Prompt
Reproduce the data that follows character for character, but omit its pictures.

Information provided
● ● ● ● ●

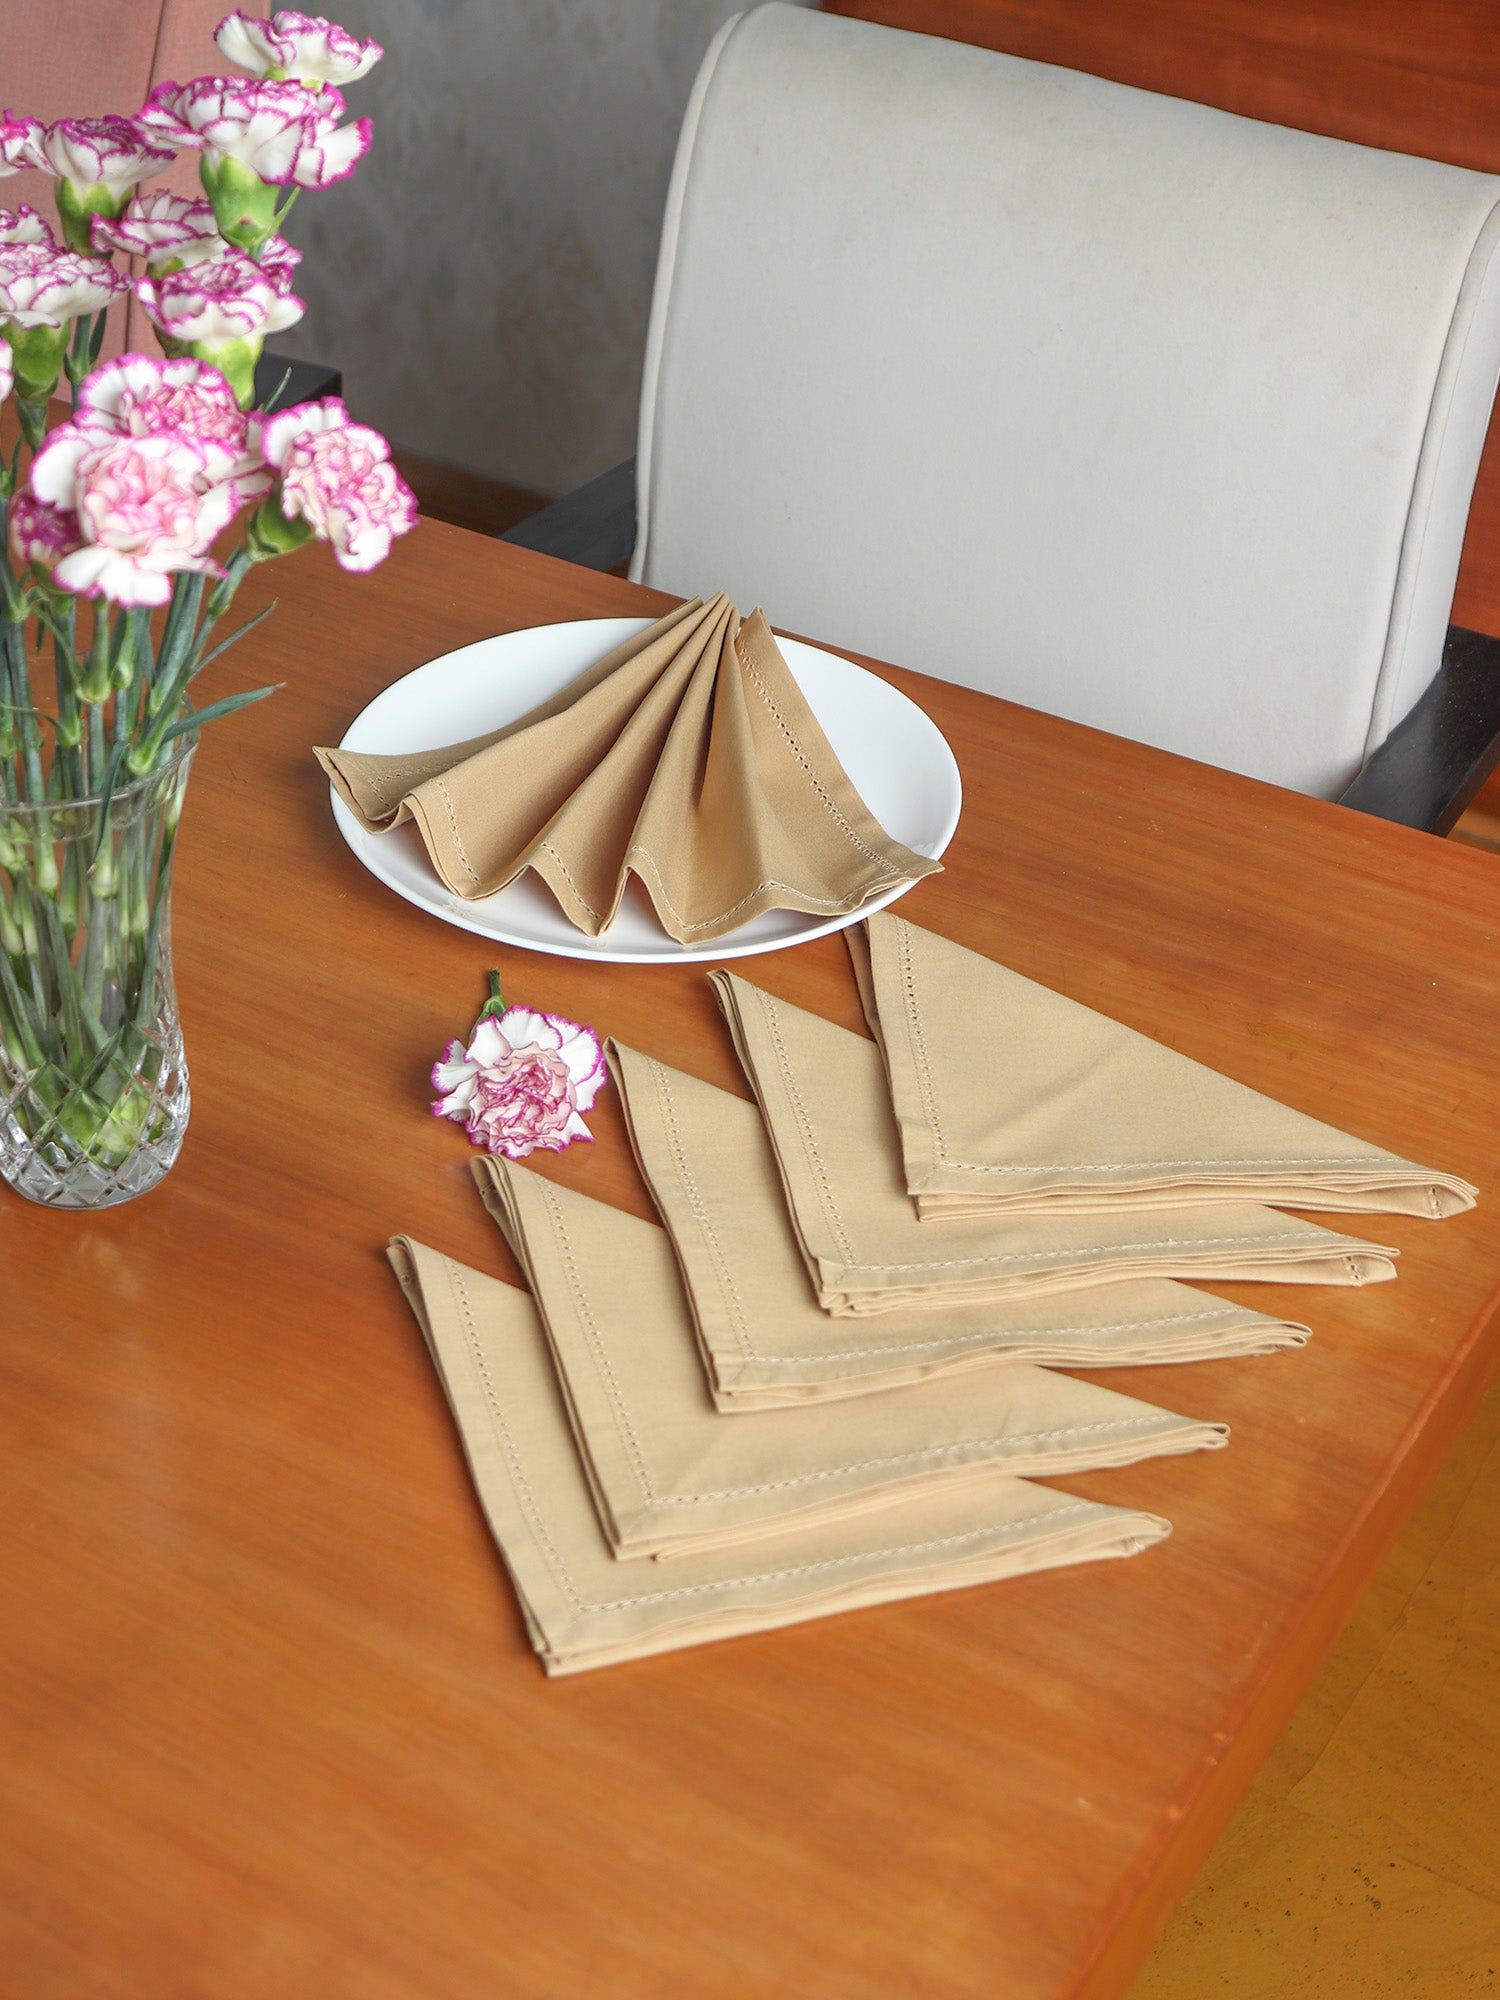 fagotting embroidered set of 6 dinner napkins in beige color - 16x16 inch
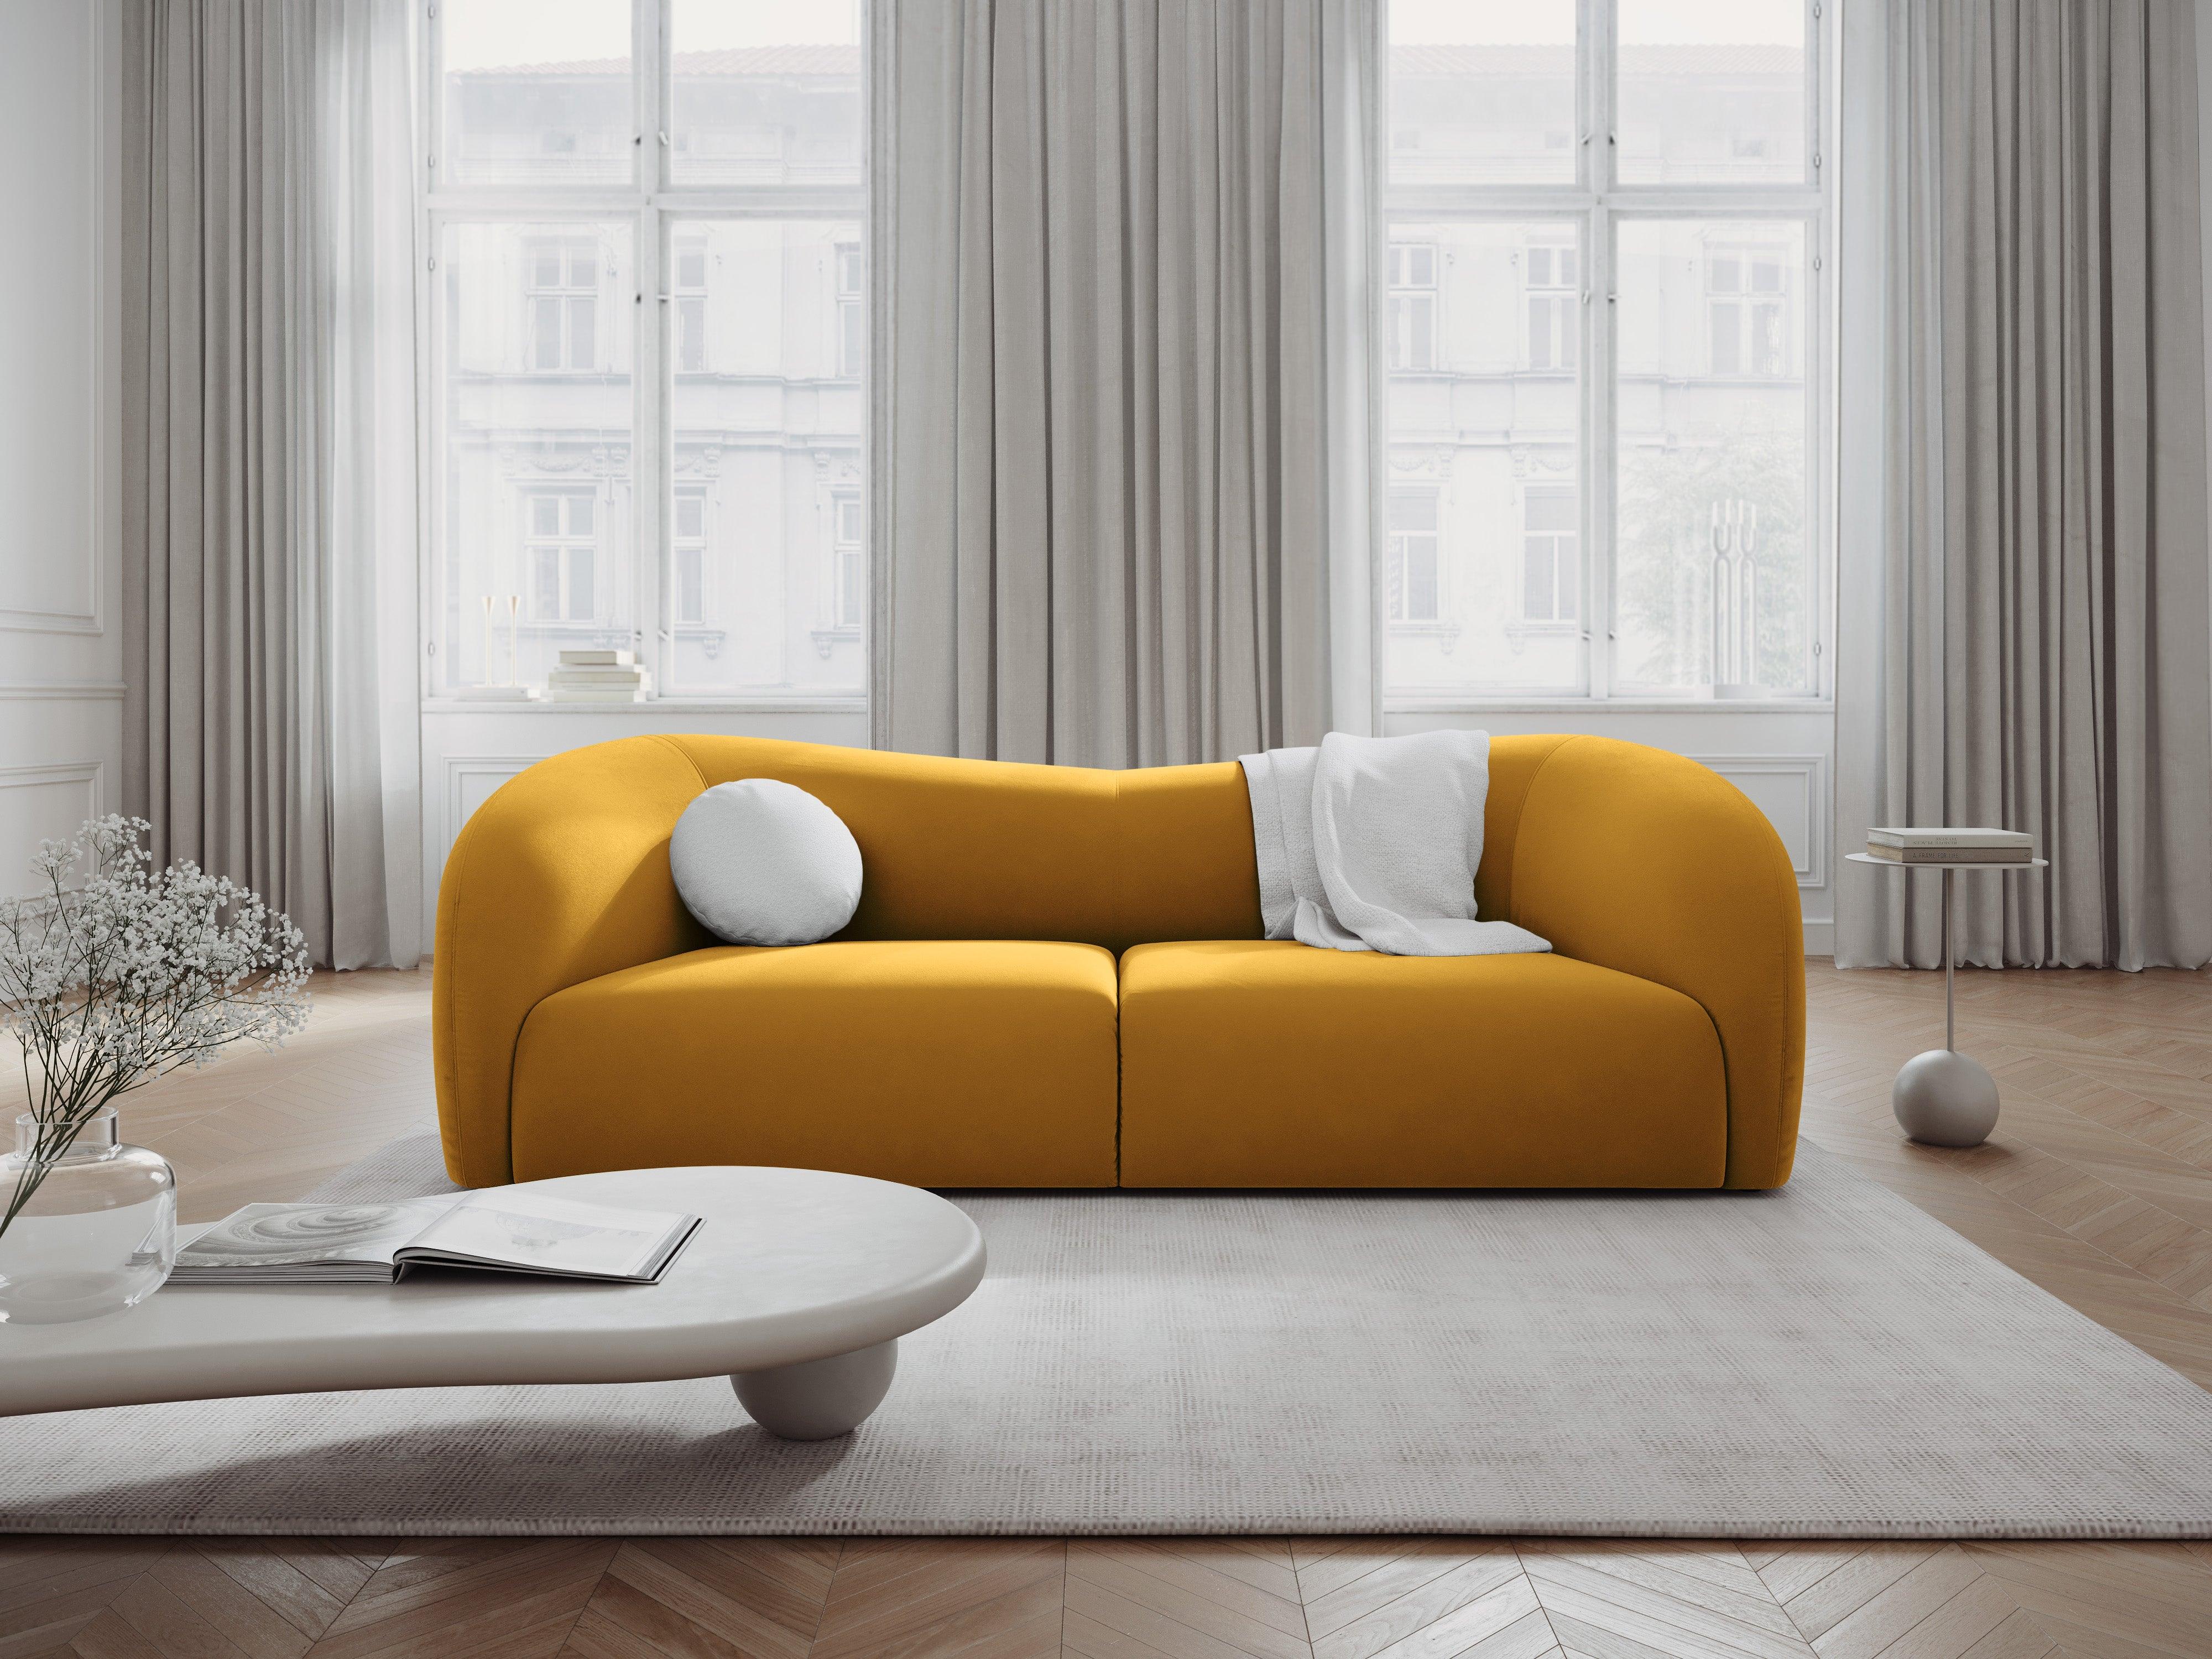 Velvet Sofa, "Santi", 3 Seats, Yellow, 237x90x75
Made in Europe Interieurs 86    Eye on Design

● ● ● ● ●

Reply
 fagotting embroidered set of 6 dinner napkins in beige color - 16x16 inch
 Velvet Sofa, "Santi", 3 Seats, Yellow, 237x90x75
Made in Europe Interieurs 86    Eye on Design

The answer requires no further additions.